Introduction

Because the health of young adult women (in the fertile period) has a substantial impact on the health of the next generation, maintaining and improving their health is important for the health of their children, who will be the next generation. In Japan, in particular, national surveys have revealed a growing trend toward thinness among young women, and their need to increase thinness is urgent1. However, it has been reported that women in the fertile period in Japan have a strong desire to be thin, and there is concern about the increase in thinness and lack of exercise among pregnant women as well as low nutrition and low birth weight2,3,4. Furthermore, if thinness is not improved in approximately 21% of young Japanese women1, these women will be more likely to develop age-related skeletal muscle disease and muscle atrophy (sarcopenia)5 in the future, which is expected to affect health not only in young adulthood but also in old age.

Sarcopenia progresses rapidly after the age of 50 years and is one of the major causes of falls and nursing care in the elderly population6,7. Almost all sarcopenia studies have been conducted on elderly people and patients facing sarcopenia, but some recent studies have reported that approximately 30% of healthy young Japanese women already fall into the category of presarcopenia (skeletal muscle mass cutoff value only)8,9. Therefore, even in studies of healthy young adult women, early prevention of sarcopenia from a young age is of paramount importance.

It has been suggested that the desired body mass index (BMI) of young adult women does not always correspond to the body image that is considered healthy10,11, and it is important to comprehensively examine the actual state of body shape and fitness in young adult women. Therefore, in the present study, I examined the actual situation of the desire to be thin among young Japanese women from the perspective of objective and subjective ideal body shapes. Furthermore, I think it is important to focus on thinness among young adult women from the perspective of two health issues, namely, fertile period issues and future sarcopenia issues. The present study will have important implications for improving correct health awareness in young adults.

Results

The standing height and real body weight of the participants are shown in Table 1. The present study indicated that the participants' average desired weight of 47.4 kg (mean BMI = 19.1 kg/m2) was significantly (4.0 kg) lower than their average measured weight of 51.4 kg (mean BMI = 20.7 kg/m2). Of the participants, 74%, 20%, and 6% were classified into the underweight, normal-weight, and obese groups, respectively. The obese group (mean body weight = 63.8 kg, mean BMI = 26.3 kg/m2) needed to lose an average of 10.4 kg to have the objective ideal weight (BMI = 22 kg/m2), but the participants desired to lose an average of 13.7 kg (mean BMI = 20.6 kg/m2). The difference between the objective ideal weight and the subjective ideal weight was statistically significant (p < 0.01). The normal-weight group (mean body weight = 52.2 kg, mean BMI = 21.1 kg/m2) needed to gain 2.2 kg to have the objective ideal weight, but the participants desired to lose an average of 4.5 kg (mean BMI = 19.3 kg/m2). The difference between the objective ideal weight and the subjective ideal weight was statistically significant (p < 0.01). The underweight group (mean body weight = 45.2 kg, mean BMI = 17.9 kg/m2) needed to gain an average of 10.3 kg to have the objective ideal weight, but the participants desired to gain an average of 0.4 kg (mean gain 0.4 kg, mean BMI = 18.1 kg/m2). The difference between the objective ideal weight and the subjective ideal weight was not statistically significant (p > 0.05). The ‘thinness desire index’, which I operationally defined as 100*(objective ideal BMI − subjective ideal BMI)/objective ideal BMI, showed an average of 17.8% for the underweight group, 12.3% for the normal-weight group, and 6.5% for the obese group.

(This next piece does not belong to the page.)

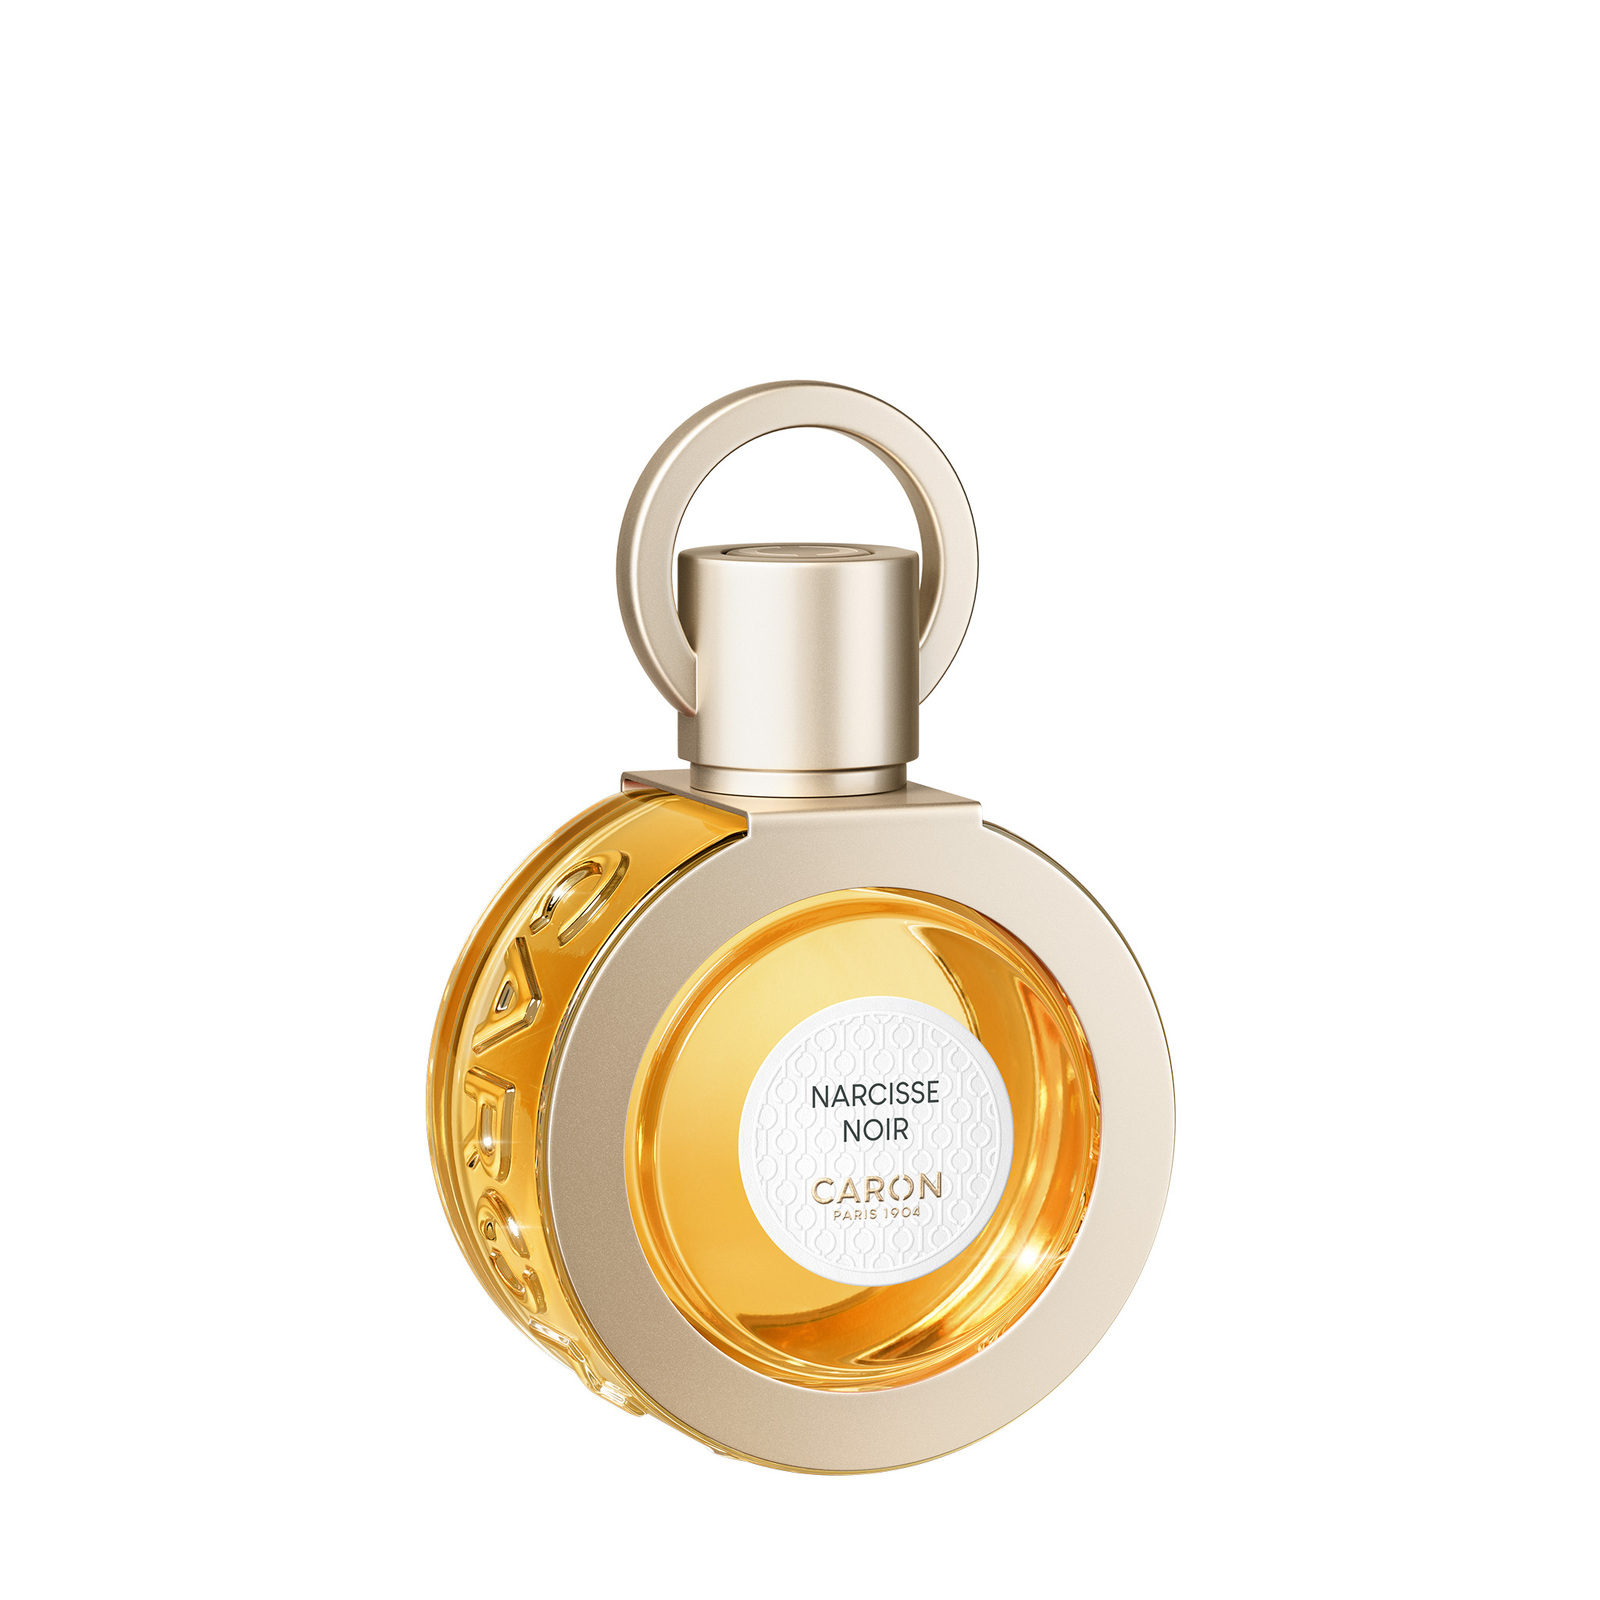 CARON Narcisse Noir Perfume 50ml Refillable
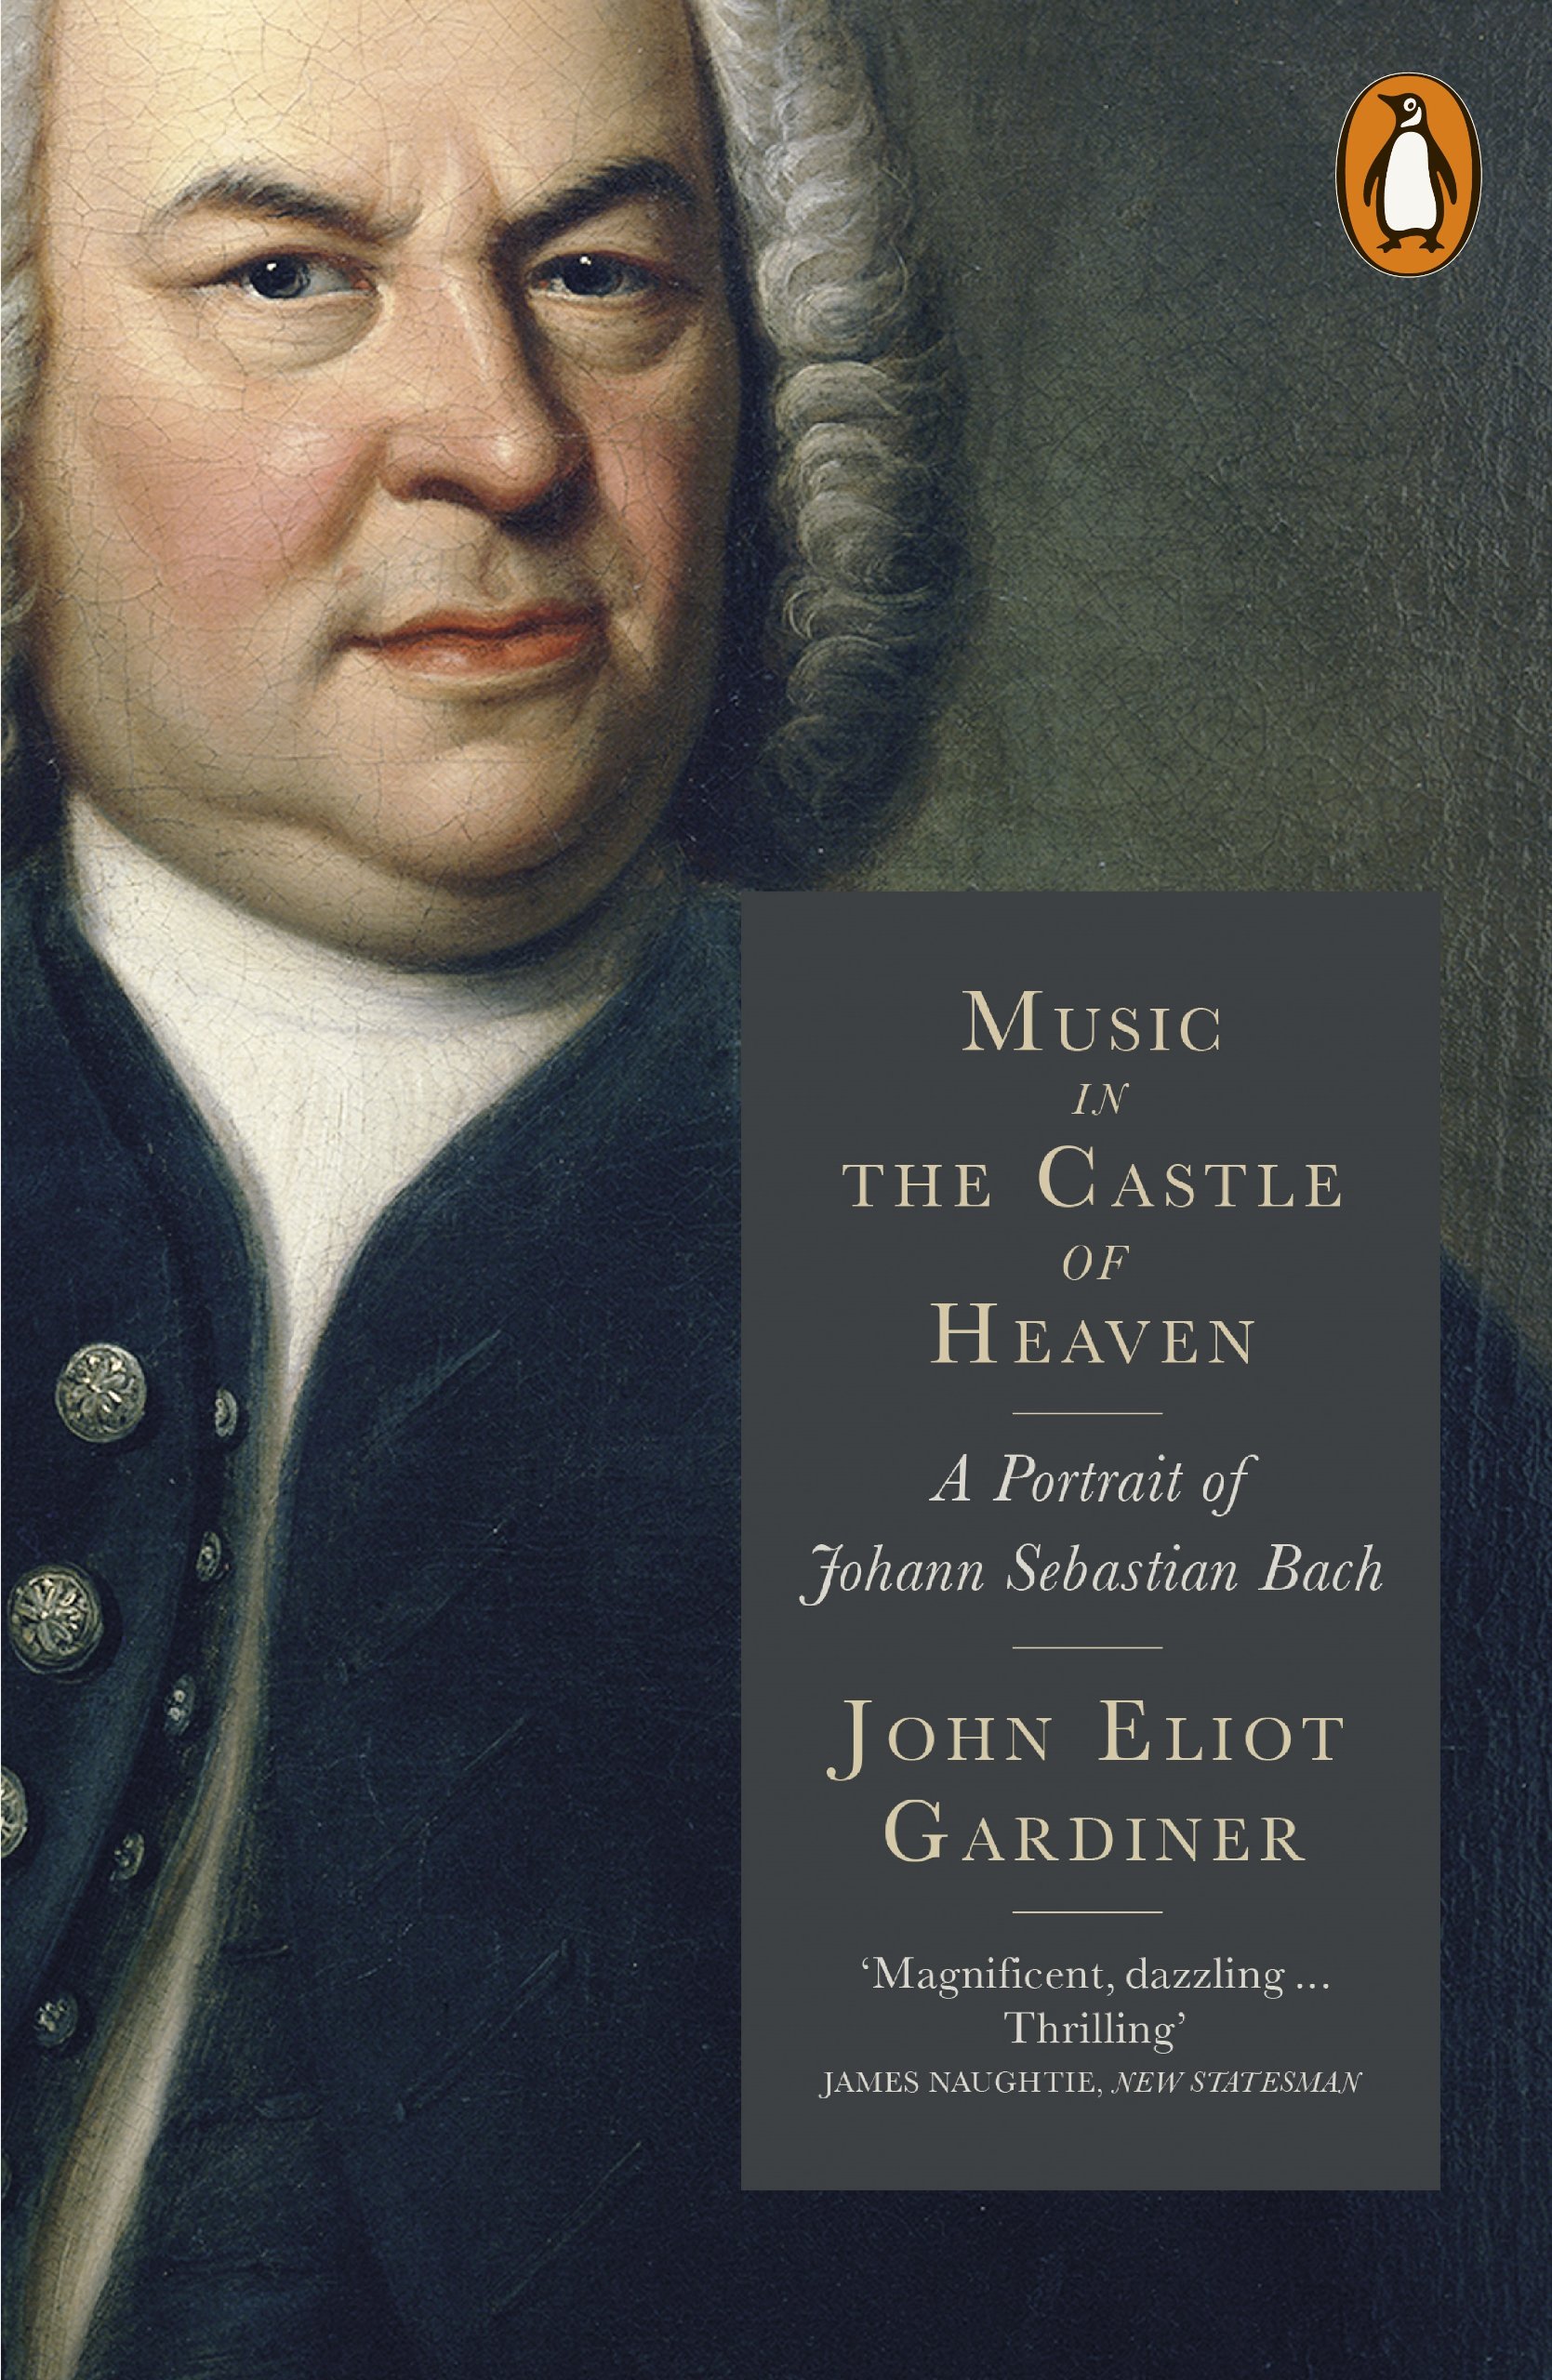 Johann Sebastian Bach: a detailed informative biography

Table 1 Physical characteristics of the participants.

In the obese group, all participants (100.0%) evaluated their body shape as overweight, while 52.2% and 0.0% of the participants in the normal-weight group and the underweight group evaluated their body shape as overweight, respectively. The top three desired body composition changes for the underweight group were to gain skeletal muscle (72%), lose fat (33%), and maintain body composition (17%), while the top three desired body composition changes for the normal-weight group were to lose fat (87%), gain skeletal muscle (49%), and lose skeletal muscle (9%) (Table 2).

Table 2 Participants' self-assessment and desire concerning body shape.

Except for the SMI, calf girth, and SARC-CalF, there were no differences (p > 0.05) among the three groups in the other sarcopenia diagnostic assessments (Table 3).

Table 3 The assessments for AWGS 2019 in young adult females (n = 90).

Discussion

The present study indicated that the participants' average desired weight of 47.4 kg (mean BMI = 19.1 kg/m2) was significantly (4.0 kg) lower than their average measured weight of 51.4 kg (mean BMI = 20.7 kg/m2), which confirmed that young Japanese women have a strong desire to be thin. The mean BMI of 20.7 kg/m2 was almost the same as that reported for young Japanese women in previous studies (mean BMI = 20.4 and 20.9 kg/m2)12,13. In addition, the standing height, weight, BMI, and grip strength (females: 157.4 cm, 51.4 kg, 20.7 kg/m2, and 26.5 kg, respectively) in the present study were similar to the Japanese reference values for morphology and physical fitness (females: 158.7 cm, 52.2 kg, 20.7 kg/m2, and 28.4 kg, respectively [age of 19 years])14. Thus, the participants recruited for this study were representative of the general population of healthy young adults in Japan at present.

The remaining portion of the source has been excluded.